Dr. N. J. Kurian of the Planning Commission who made an extensive study of the “Widening
Regional Disparities in India” has indicated that more than two-thirds of investment proposals
(69.2 %) in the post-reform period were concentrated in the forward states and a similar situation
prevailed in terms of financial assistance disturbed by All-India Financial Institutions as well
as State Financial Corporations. The All India Financial Institutions viz., IDBI, IFCI, ICICI, UTI,
LIC, GIC, IRBI and SIDBI disbursed 67.3 per cent of total financial assistance to forwards states
upto 31 March 1997. Even among the 9 forward states, four states, namely Maharashtra, Gujarat,
st
Tamil Nadu and Andhra Pradesh were able to appropriate about 51 per cent of total assistance.
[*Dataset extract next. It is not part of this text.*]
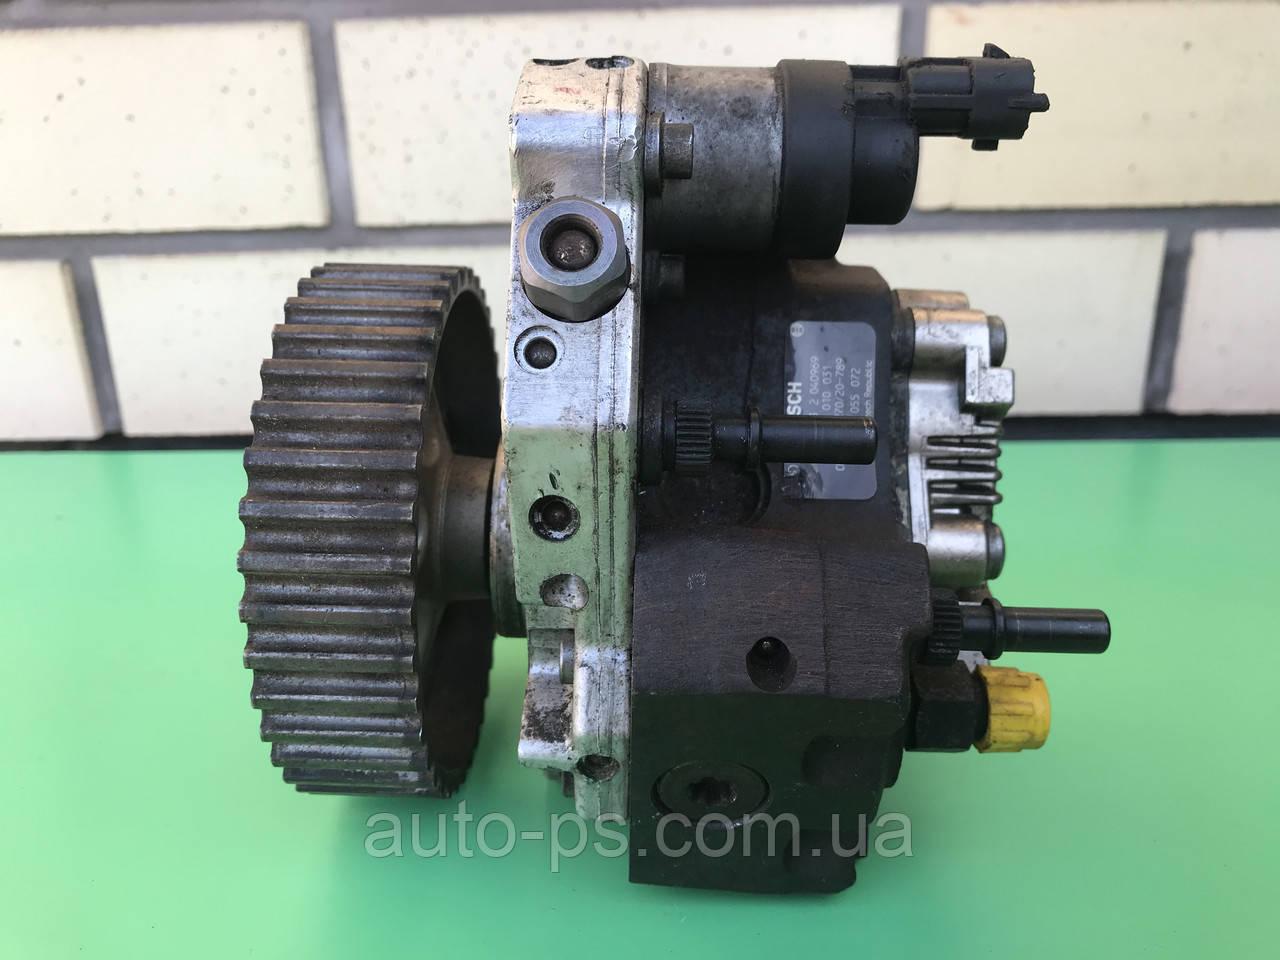 Топливный насос высокого давления (ТНВД) Renault Megane II 1.9dCi

Even in the case of State Financial Corporations, 70 per cent of total assistance was received by
forward states. This analysis underlines the fact that the reform process has favoured the forward
states in terms of approval of investment proposals as well as financial assistance. Consequently,
the already betteroff states can further accelerate the growth process while the backward states
being unfavourably treated face a retardation in growth. This explains the growing disparities
in terms of growth of NSDP — both total and per capita.